Search code examples
apache-flink

What Metrics does a Flink MetricReporter get?


I have several Apache Flink (batch, not streaming) workflows and my goal is to get some custom metrics from Flink into Cloudwatch. I'm pretty sure the process is going to look like this:

  1. In my Flink code, create some metrics objects e.g. getRuntimeContext().getMetricGroup().getCounter("numInputElements");

  2. Implement a custom MetricReporter and register it so that Flink sends my Counter from step 1 to the Reporter

  3. Aggregate the metrics in MetricReporter: all metrics called "numInputElements" should be summed so that in the end, the MetricReporter only has to put one "numInputElements" metric in Cloudwatch.

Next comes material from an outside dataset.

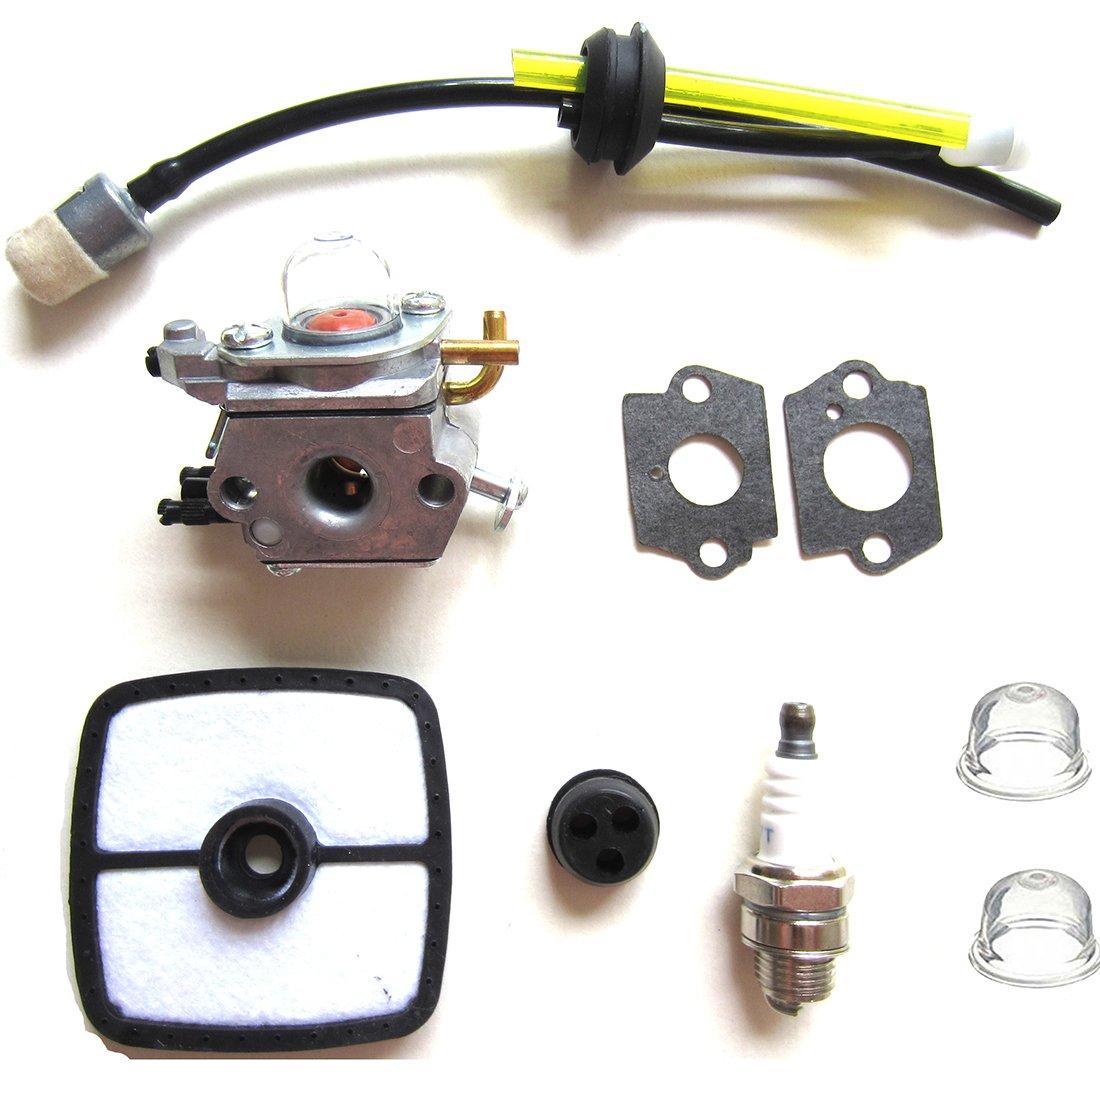 Mckin C1U-K42 Carburetor for Echo PB2100 ES2100 PB2155 Blower C1U-K42B C1U-K42A 12520020563 12520020564 12520020562 12520020561 12520020560 with Fuel Filter Air Filter Fuel Line Spark Plug kit
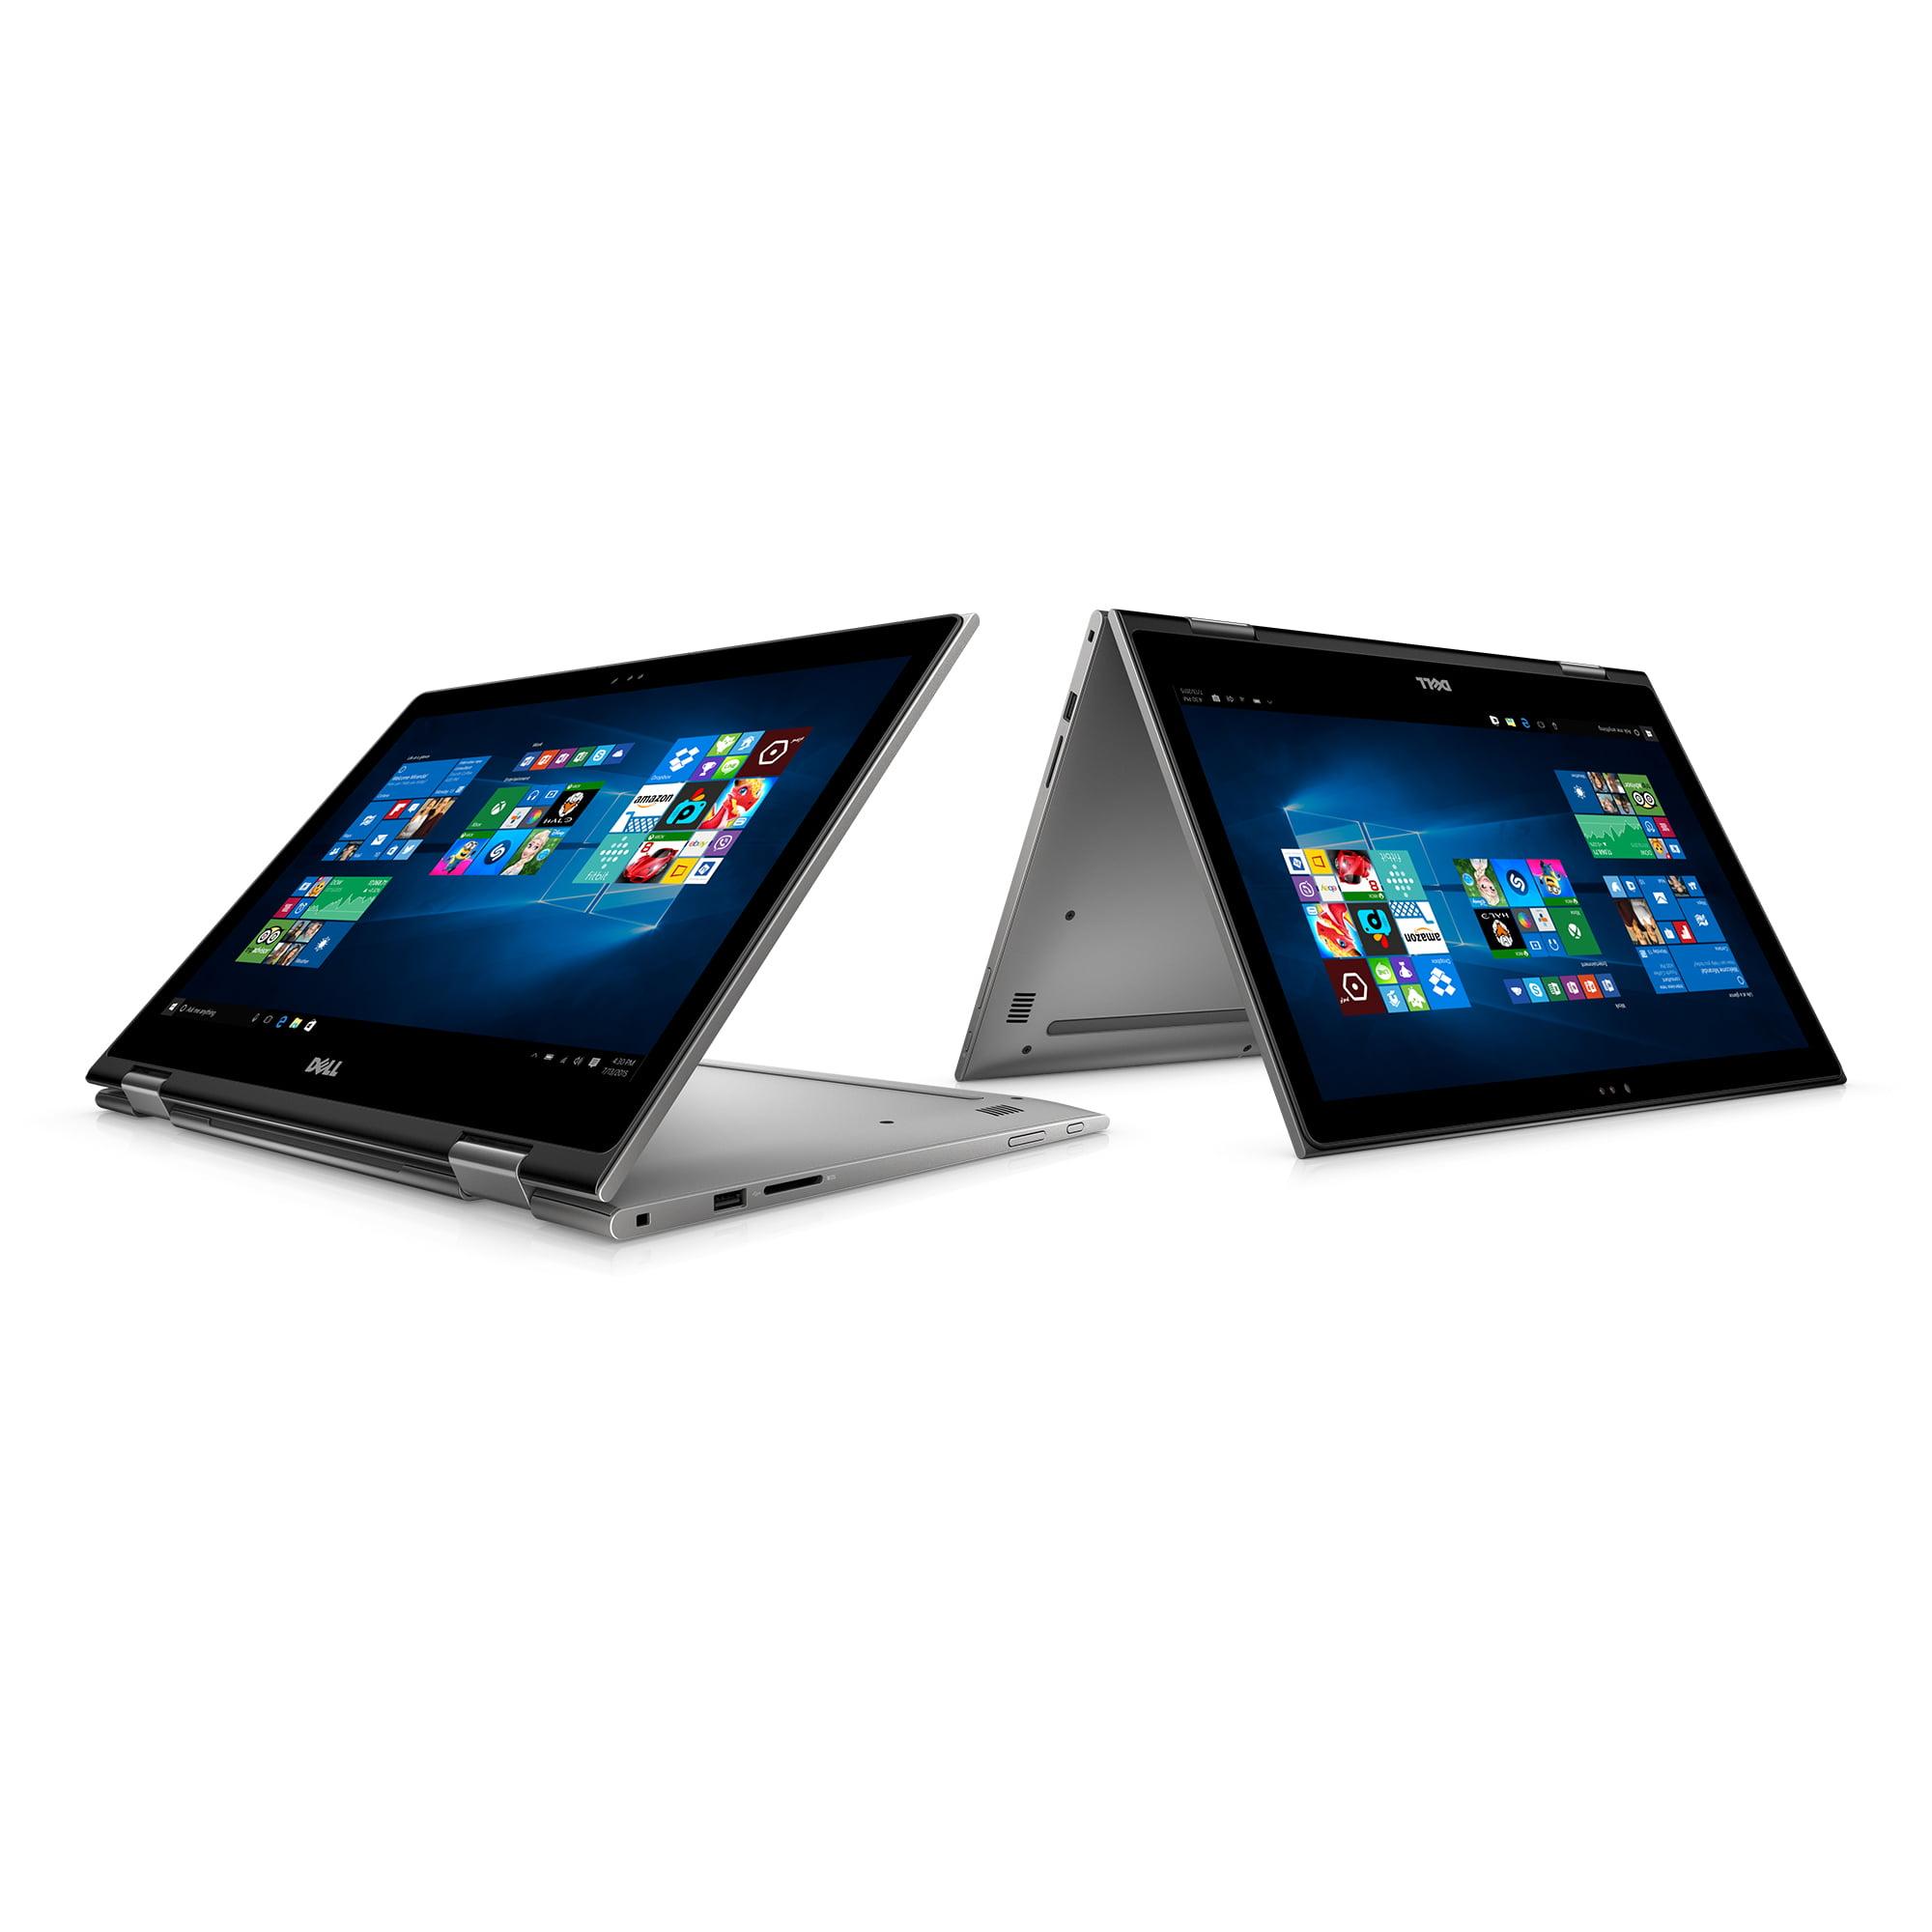 Dell Inspiron 15 5000 Series 2-in-1 Laptop - Intel Core i5-7200U - 8GB RAM -1TB Hard Drive

  4. MetricReporter, when it report()s, puts the "numInputElements" in Cloudwatch.

My questions relate to step 3:

  1. How many MetricReporter instances will I have? If it's more than 1 per Flink workflow, then I will need to aggregate metrics in Cloudwatch as well as in my MetricReporter logic. If it's one per slice running my workflow, then I only need to aggregate in Cloudwatch, because I will have n slices each creating one "numInputElements" metric and n MetricsReporters each getting one "numInputElements" to send to Cloudwatch.

  2. If I have more than 1 MetricReporter instances, what determines which metrics get sent to each MetricReporter?


Solution

  • The job and task managers each have their own metrics reporter instances. And each parallel slice of your user functions will have its own metrics, with individual, per sub-task names. Typically metrics aggregation is done external to Flink, with queries that aggregate over the metric names (which you can control via their scope formats).

    The metrics reporters are fairly simple -- take a look at some in the sources.